Additional medications that have been used in the treatment of IMTP in dogs include leflunomide, and human intravenous immune globulin. The author does not use these as first line treatment of IMTP, but views them as alternatives when other immunosuppressive drugs can't be given.

Other supportive care may be needed in the IMTP patient. Clinical signs secondary to hemorrhage may require administration of blood products (whole blood, packed red blood cells and plasma). Fluids may also be needed for short-term support if patients are not drinking on their own. One other trick that the author learned many years ago from Dr. Leah Cohn is that oral administration of a diagnostic dose of barium sulfate can help ameliorate gastrointestinal tract bleeding in IMTP patients.

Prognosis

Patients with IMTP tend to respond favorably to immunosuppressive therapy, and the mortality rate associated with the disease is reportedly low. The presence of concurrent IMTP and IMHA is generally associated with a worse prognosis than is IMTP alone. In one recent study, 84% of dogs with IMTP survived to discharge, with a relapse rate of approximately 10% in the dogs that could be followed after discharge. This particular paper suggested that the presence of increased BUN and melena were negative prognostic indicators, but the author has seen many of such dogs survive to discharge and beyond. Also, in the author's experience, patients that die from IMTP tend to have central nervous system bleeds that cause acute death or prompt euthanasia.
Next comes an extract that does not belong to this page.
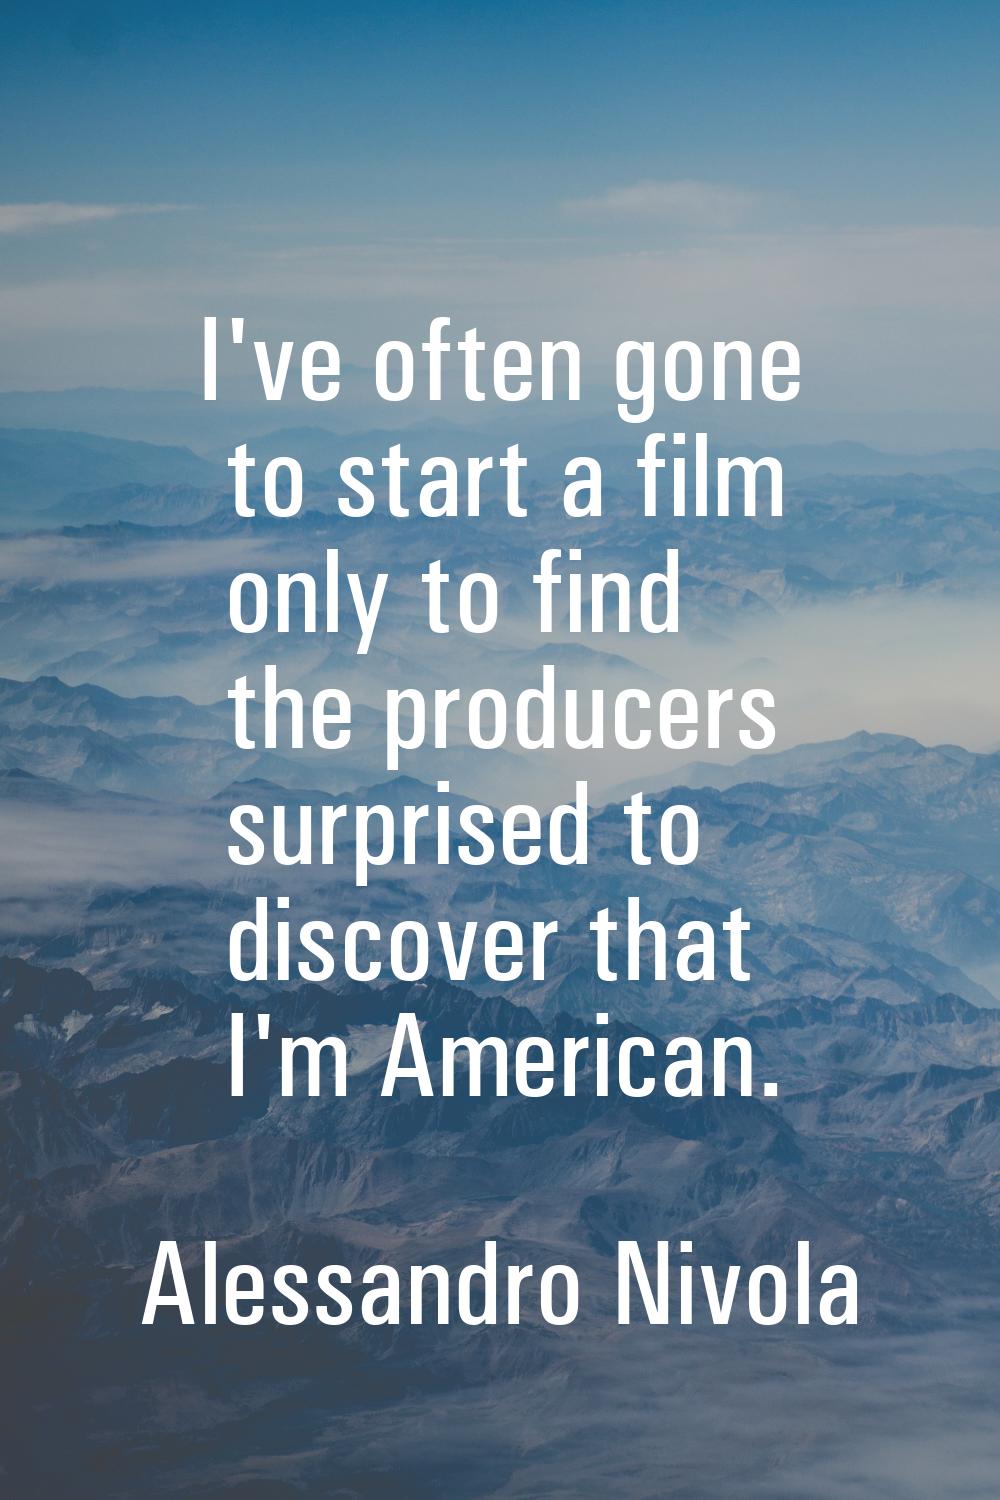 I've often gone to start a film only to find the producers surprised to discover that I'm American.

The author has also had two patients in his career that developed urethral obstructions secondary to large blood clots in the urinary bladder as a result of thrombocytopenic induced bleeding.
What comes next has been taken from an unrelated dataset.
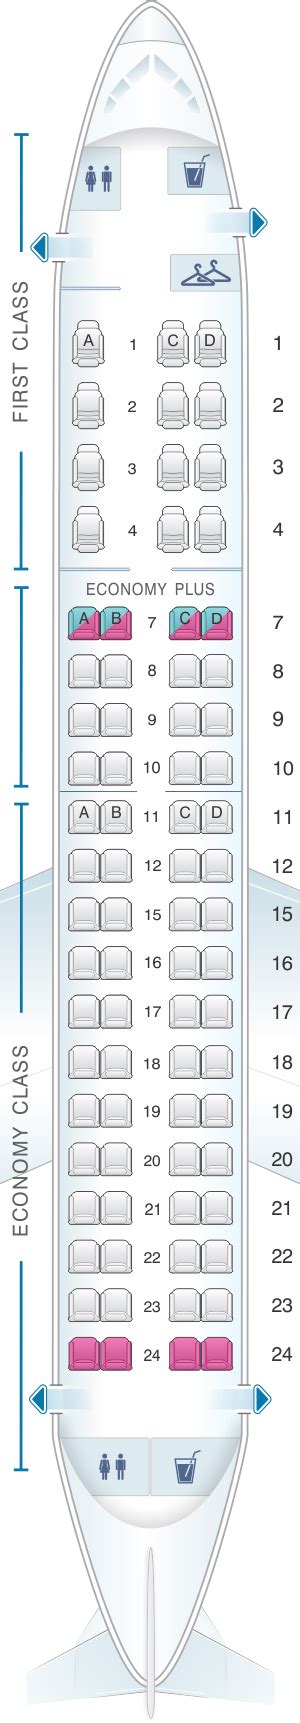 Airbus A319. Airbus A320. Airbus A320 neo. Airbus A321 187pax. Detailed seat map American Airlines Embraer ERJ 175 V1. Find the best airplanes seats, information on legroom, recline and in-flight entertainment using our detailed online seating charts..

References and suggested reading (additional references available on request)

Botsch V, et al. Retrospective study of 871 dogs with thrombocytopenia. Veterinary Record 2009; 164:647-651.

Grindem CB, et al. Epidemiologic survey of thrombocytopenia in dogs: a report on 987 cases. Veterinary

Clinical Pathology 1991; 20:38-43.

O'Marra SK, et al. Treatment and predictors of outcome in dogs with immune-mediated thrombocytopenia. J Am Vet Med Assoc 2011;238:346–352.

Rozanski EA, et al. Comparison of platelet count recovery with use of vincristine and prednisone or prednisone alone for treatment for severe immune-mediated thrombocytopenia in dogs. J Am Vet Med Assoc 2002;220:477-481.